On aurait pu penser qu’Eauxfolles allait vivre après les tumultes incongrues qui l’ont fortement ébranlé… Il n’en est rien!
Contraint par Baltimore, Bonvoisin se voit obligé de reprendre un service qu’il n’a en définitive jamais vraiment quitté vu que son supérieur et collègue avait gardé sa démissions sous les coude sans la transmettre à leur hiérarchie… Si le duo de policiers se doit de se reformer, ce n’est pas tant pour enquêter sur un trafic bougrement juteux de coloquintes géantes mais bien pour enquêter sur la disparition de la Reine Ophélie…
Car l’heure est grave! Au cours d’un épatant spectacle caritatif de magie donnée par le célèbre Hidinou en présence du Roi et de la Reine, la tendre épouse de Clément XVII, a mystérieusement disparu… Tout naturellement, le magicien, spécialiste es escamotages et disparitions en tous genres est pour l’heure le principal suspect…
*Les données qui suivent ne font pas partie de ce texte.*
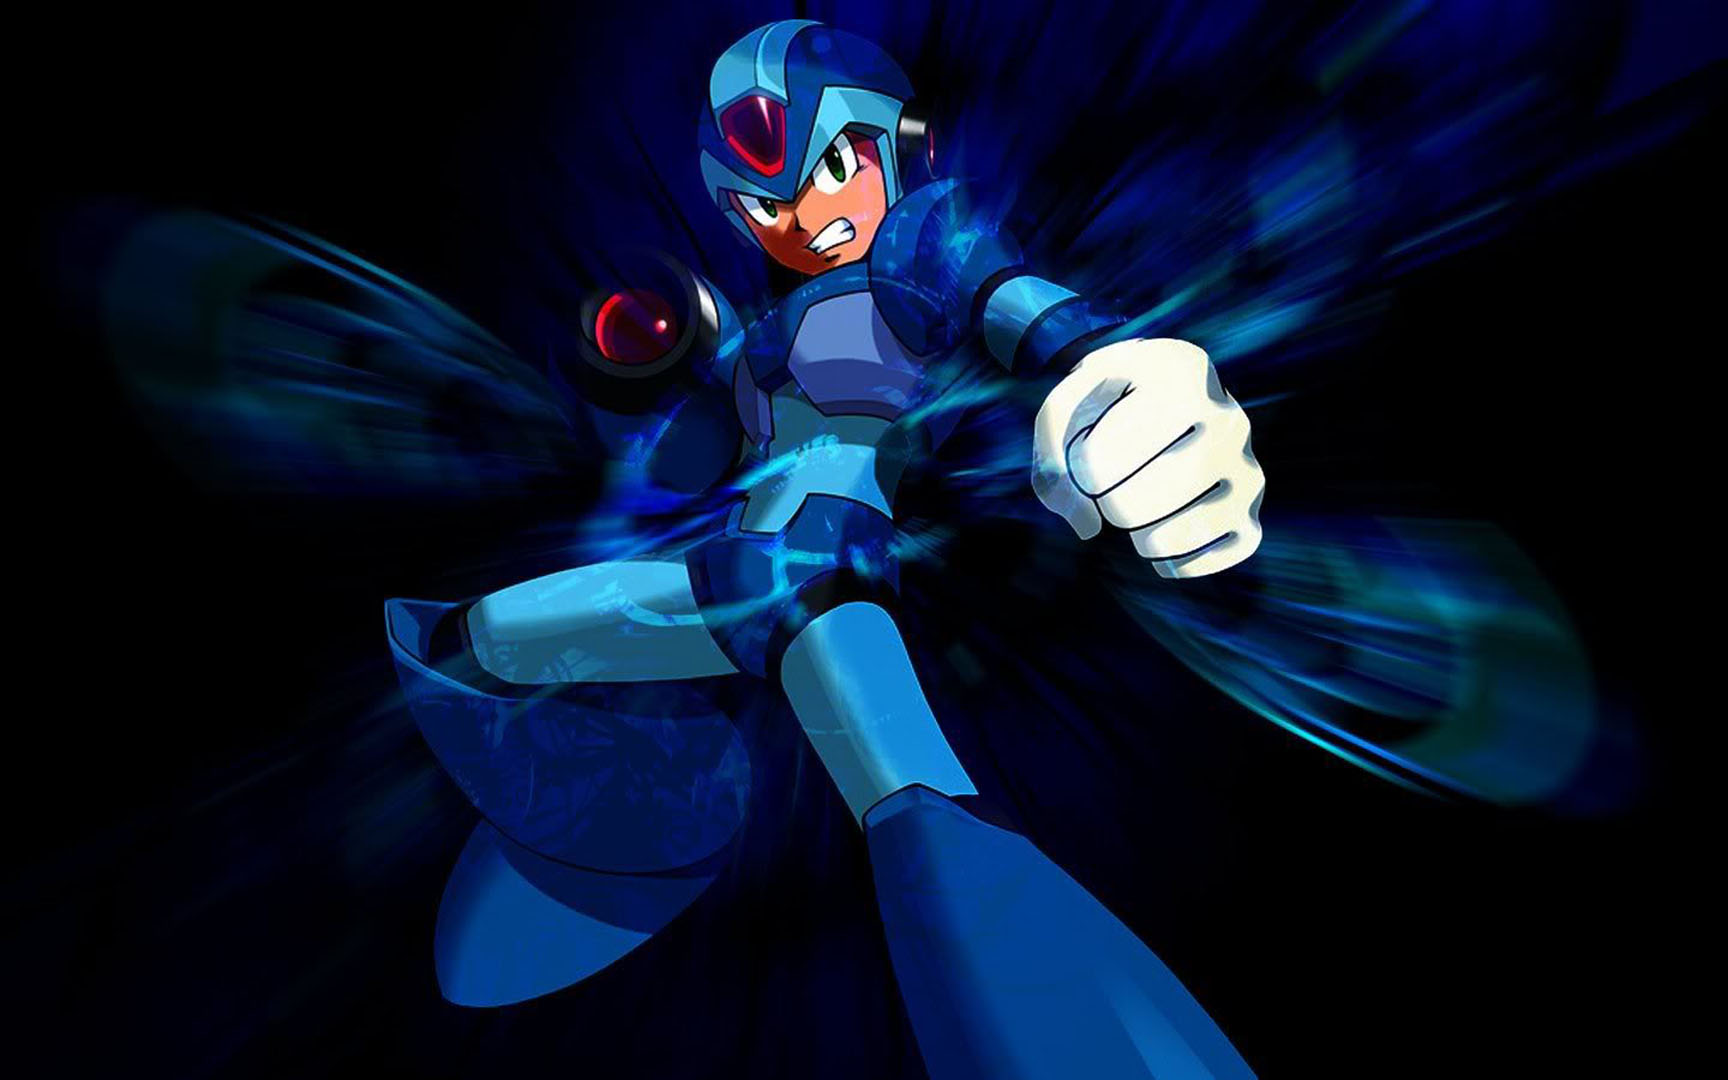 White Glove Action Games Wallpaper Image Featuring Megaman

Il y avait plusieurs années que nous n’avions pas embarqué dans la Nef des Fous, foulé les pavés d’Eauxfolles en compagnie de Bonvoisin et Baltimore ou suivit les tribulations de Clément XVIIeme du nom dans son somptueux palais quelque peu ébranlé par une inquiétante faille… Mais, étrangement, on se sent un peu comme chez nous dans cet univers baroque, poétique et surréaliste concocté par le talentueux Turf et ses pinceaux magiques…
Truffé d’inventions loufoques, le scénario de ce présent tomme est, comme on pouvait l’imaginer, joyeusement déjanté. Il se déroule en deux récits parallèles qui vont bien évidemment se télescoper… D’un côté on suit nos deux enquêteurs préférés qui mène une enquête sur un sujet grave dont on ignore tout… Bien évidemment, tout ne se passera pas exactement comme prévu d’autant que de terrifiants gallinacés vont leur donner quelques soucis… De l’autre côté on va suivre le royale couple d’Eaufolle alors que la Reine, fermement décidée à récolter des fonds pour réparer la faille décide d’organiser un gala de charité en persuadant son royal époux qu’il est à l’origine de cette formidable idée…
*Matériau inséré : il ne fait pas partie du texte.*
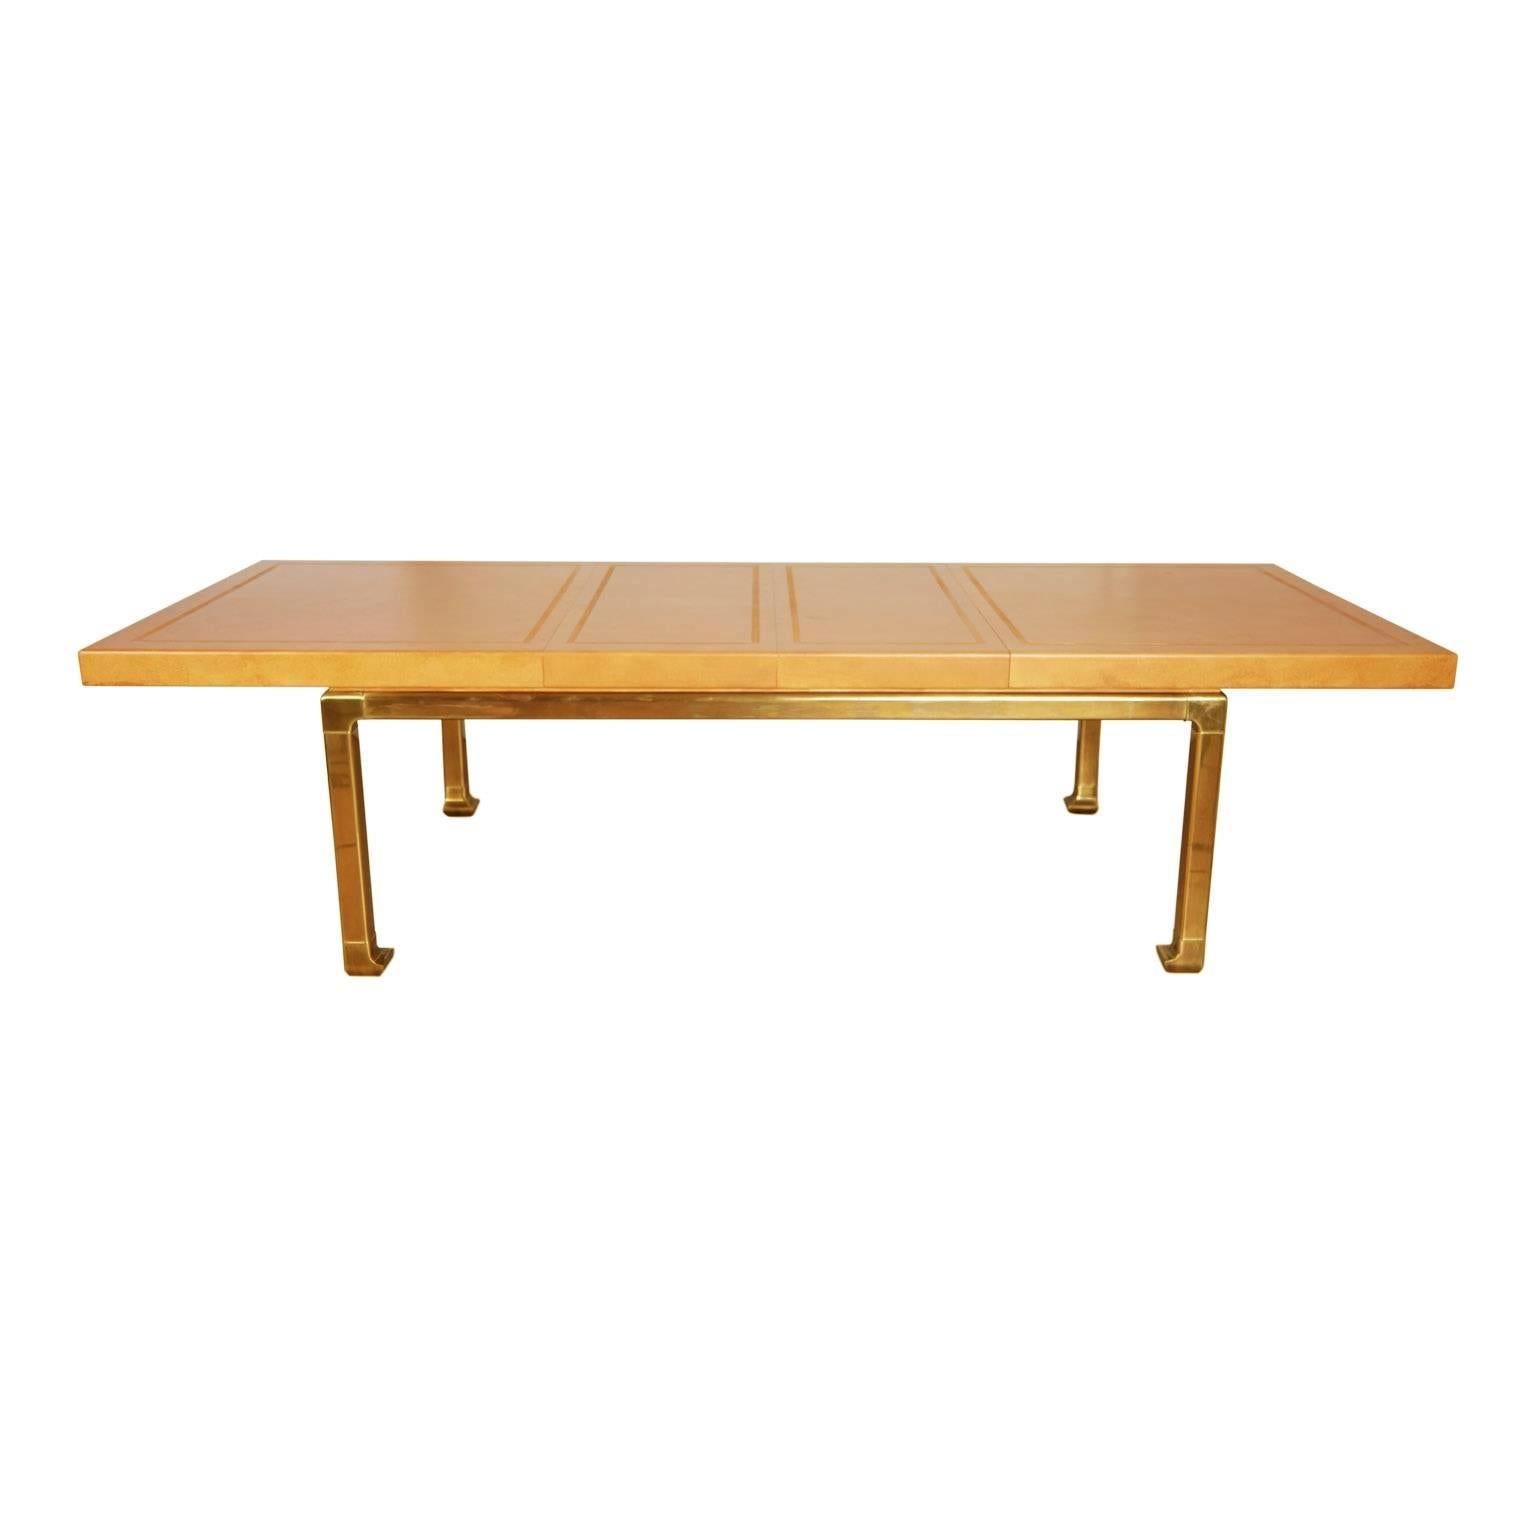 Extraordinary custom-made expandable table from Mastercraft that is just shy of 10ft at its widest. This exceptional piece features a lacquered faux ostrich skin top over wood with embossed patterned border and sturdy luminescent on-trend brass

Le récit drôle, léger, loufoque, poétique et décalé est, comme de coutume, superbement mis en image par Turf. Ses planches fourmillent de détails et d’inventivité graphique délicieuse qui confèrent son identité à cet univers délicieusement baroque, des costumes bariolés aux architectures féériques, tout est un appel au rêve et à l’aventure… Et que dire de ses couleurs vives et lumineuses, sinon qu’elle s’avèrent une fois encore tout juste somptueuses? Décidemment, qu’il est bon de revenir à Eauxfolles!
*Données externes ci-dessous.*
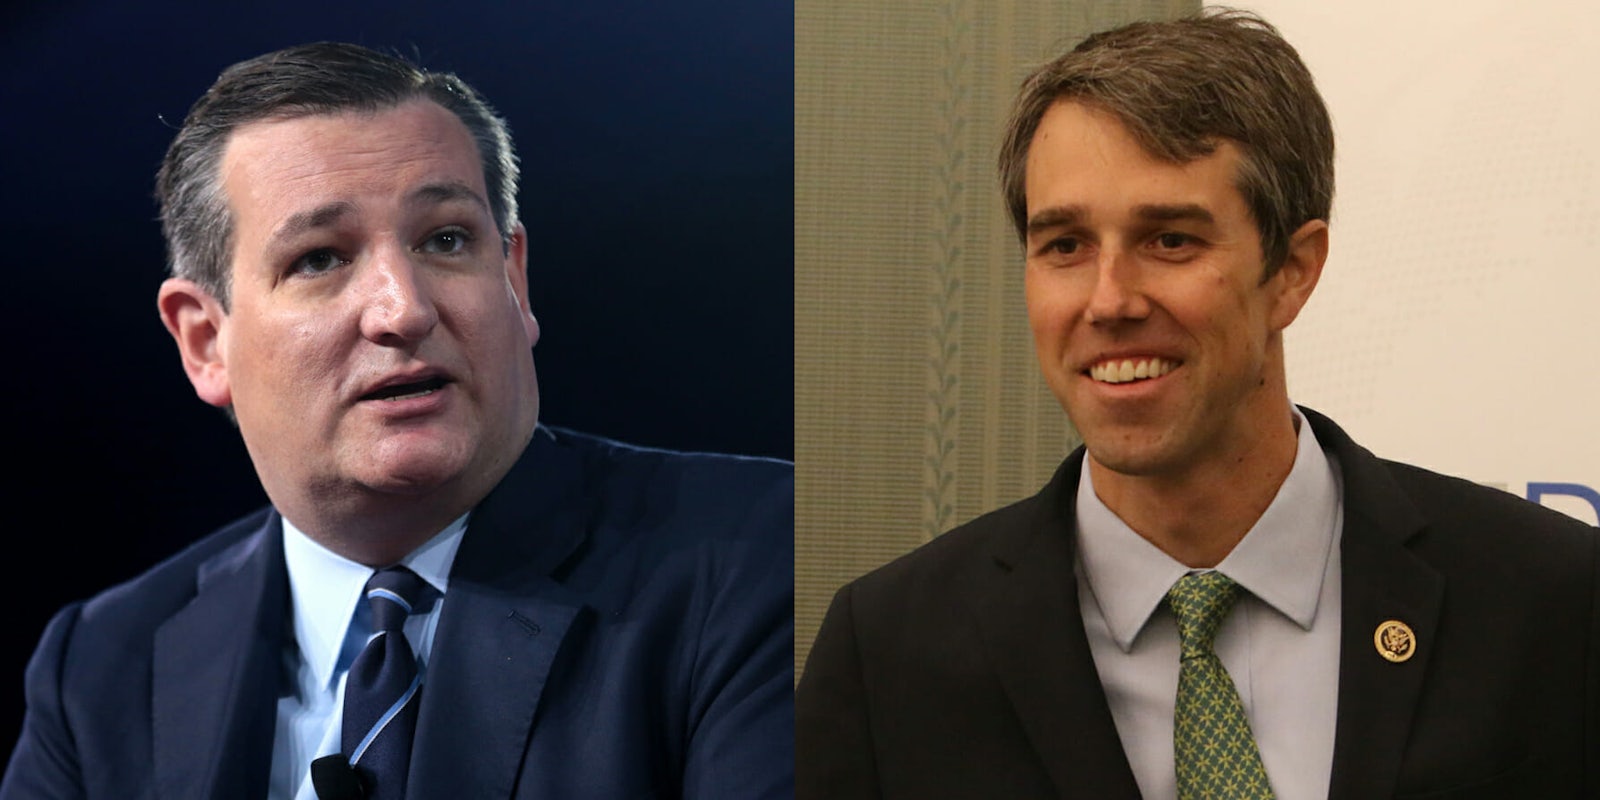 Sen. Ted Cruz (R-Tx.) may be looking at a tight race against Democratic challenger Beto O'Rourke later this year, a new poll suggests. 

Pour la huitième fois, c’est avec un plaisir jubilatoire intact que l’on s’embarque dans cette Nef des Fous, en compagnie d’une galerie de personnage joyeusement déjantés évoluant dans un univers baroque et poétique…
Pour notre plus grand plaisir, et pour sauver la Reine Ophélie, Baltimore et Bonvoisin, certes quelque peu forcé, reforment leur duo d’enquêteur de choc… l’album se referme sur un sinistre cliffhanger ( ) qui laisse augurer de douloureuses heures à nos deux policiers préférés…
Le moins que l’on puisse dire c’est que huit ans après le dernier tome, la magie opère toujours… Un album indispensable pour qui a su garder son âme d’enfant et intacte sa capacité d’émerveillement …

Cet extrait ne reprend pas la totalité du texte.